Technological advancements have facilitated the availability of reliable and thorough genetic analysis in many medical fields, including neurology. In this review, we focus on the importance of selecting the appropriate genetic test to aid in the accurate identification of disease utilizing currently employed technologies for analyzing monogenic neurological disorders. Moreover, the applicability of comprehensive analysis via NGS for various genetically heterogeneous neurological disorders is reviewed, revealing its efficiency in clarifying a frequently cloudy diagnostic picture and delivering a conclusive and solid diagnosis that is essential for the proper management of the patient.

The feasibility and effectiveness of medical genetics in neurology require interdisciplinary cooperation among several medical specialties and geneticists, to select and perform the most relevant test according to each patient's medical history, using the most appropriate technological tools.
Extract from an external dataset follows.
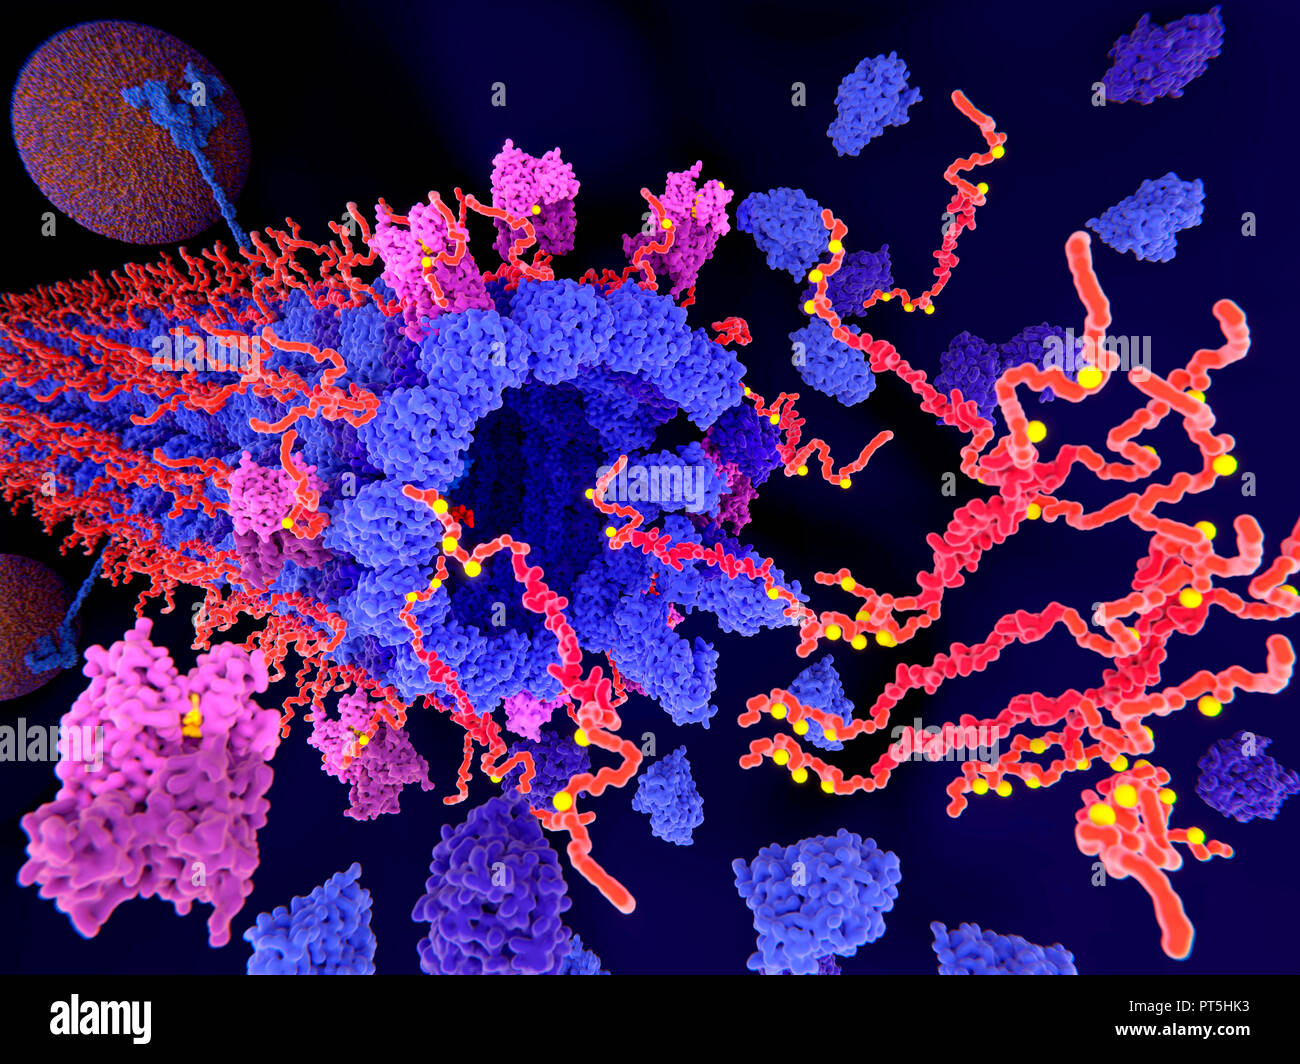 Tau protein in Alzheimer's disease,illustration.Pathological phosphorylation (yellow) of Tau proteins (red-orange) by kinases (blue-purple) affect nerve cells in what is called a neurofibrillary tangle.This illustration shows pathological aggregations of tau proteins causing disintegration of a microtubule (cylindrical structure).The transport of synaptic vesicles (orange-blue spheres,one at top left) is also interrupted.A neurofibrillary tangle consists of abnormal aggregates and insoluble fibres of the protein tau. Stock Photo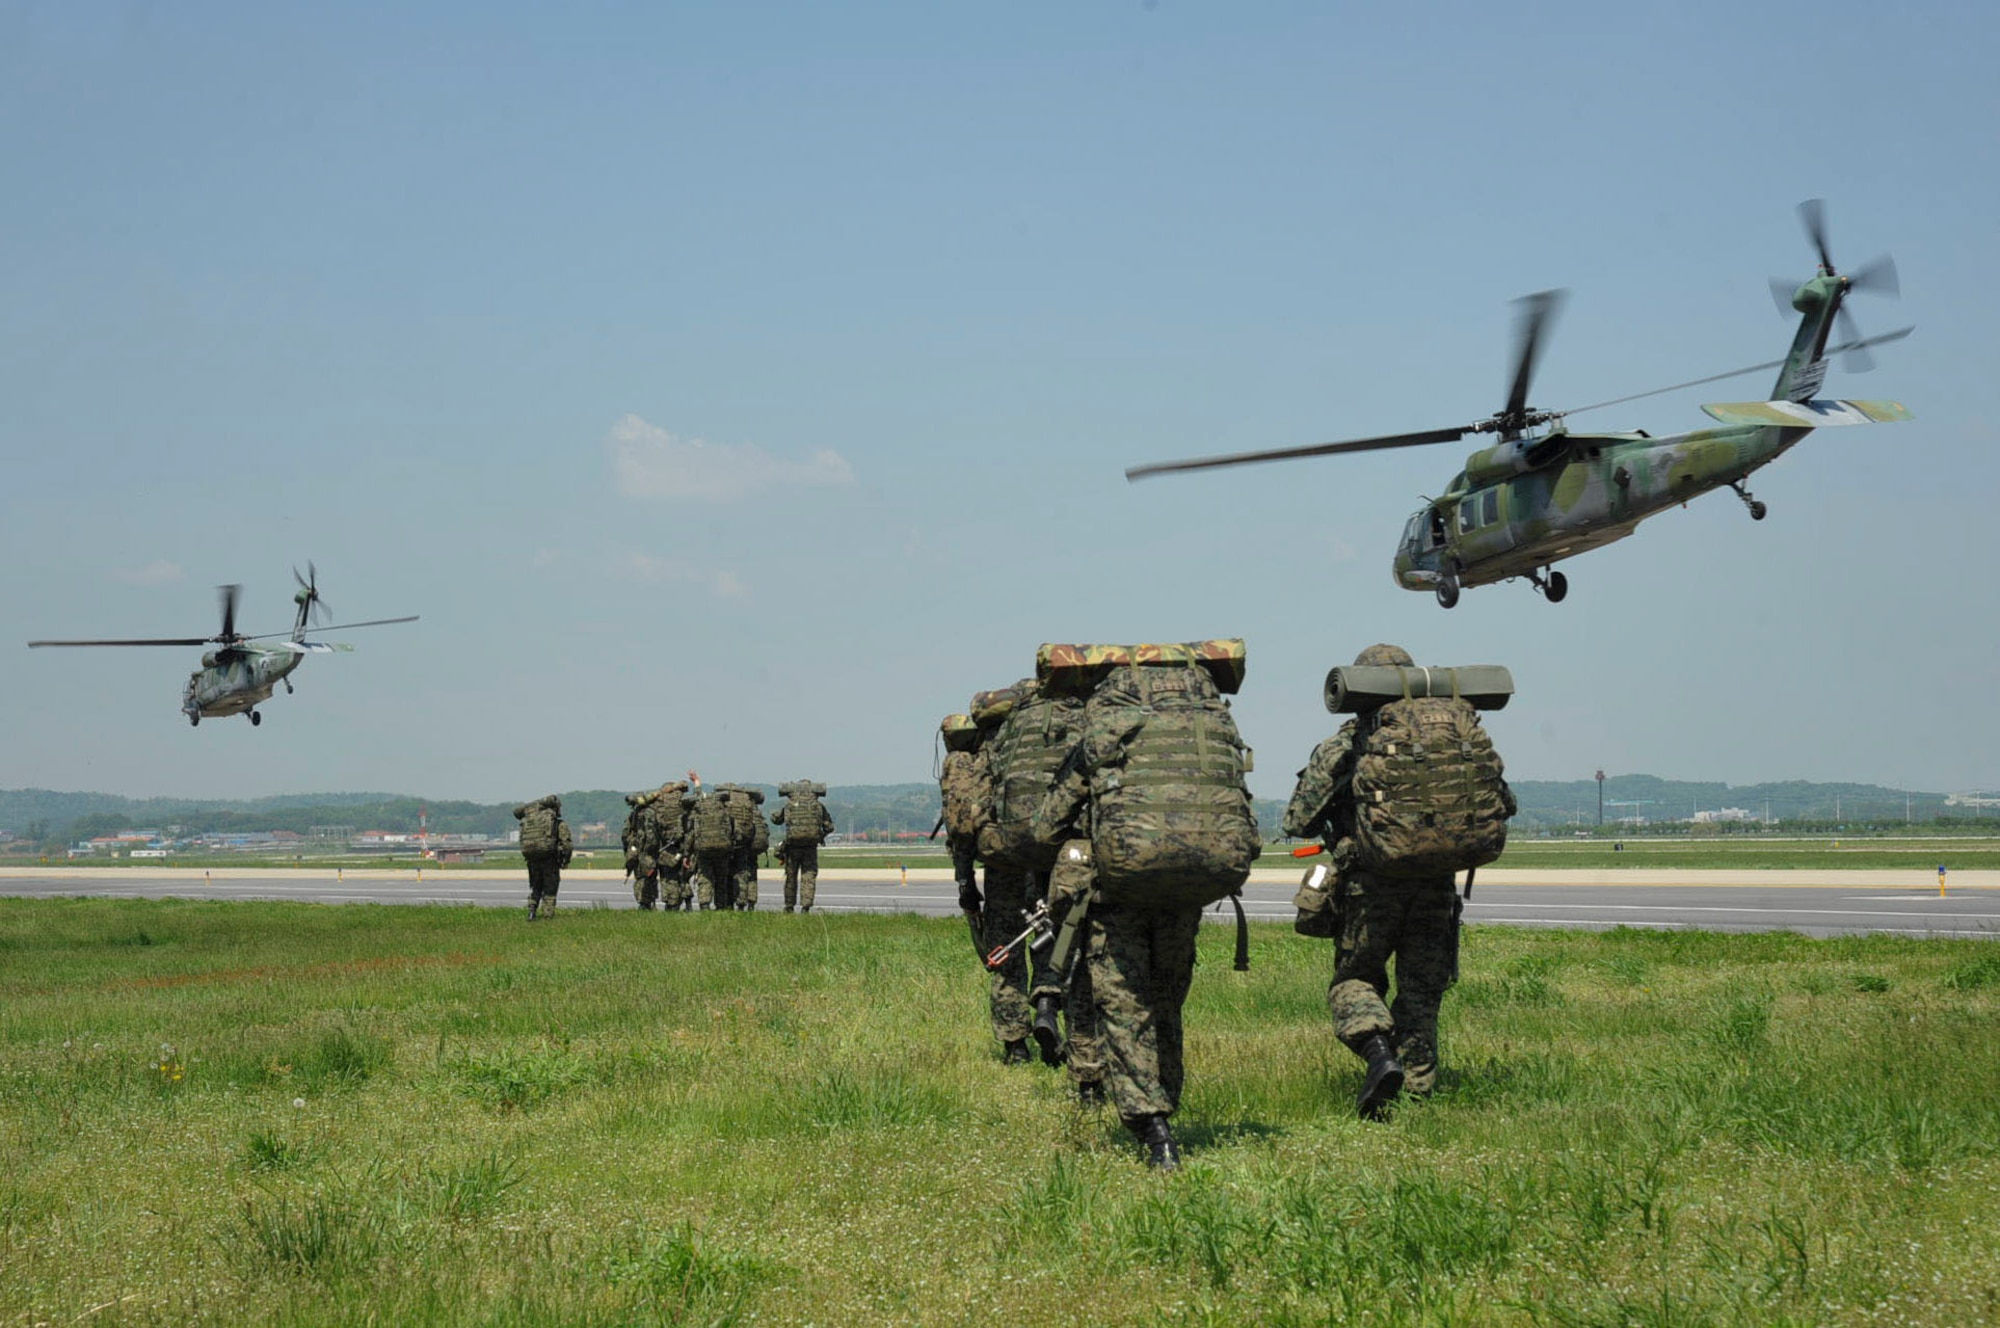 Republic of Korea army special operations forces members ruck march after stepping off of HH-60P Pave Hawks for Exercise Beverly Herd 16-01 May 11, 2016, at Osan Air Base, Republic of Korea. The SOF members trained with the 51st Security Forces Squadron on opposing forces scenarios. (U.S. Air Force photo by Staff Sgt. Jonathan Steffen/Released)

The prerequisites for a comprehensive genetic analysis are discussed, highlighting the utility of appropriate gene selection, variant annotation, and classification. Moreover, genetic counseling and interdisciplinary collaboration could improve diagnostic yield further. Additionally, a sub-analysis is conducted on the 1,502,769 variation records with submitted interpretations in the Clinical Variation (ClinVar) database, with a focus on neurology-related genes, to clarify the value of suitable variant categorization.

Finally, we review the current applications of genetic analysis in the diagnosis and personalized management of neurological patients and the advances in the research and scientific knowledge of hereditary neurological disorders that are evolving the utility of genetic analysis towards the individualization of the treatment strategy.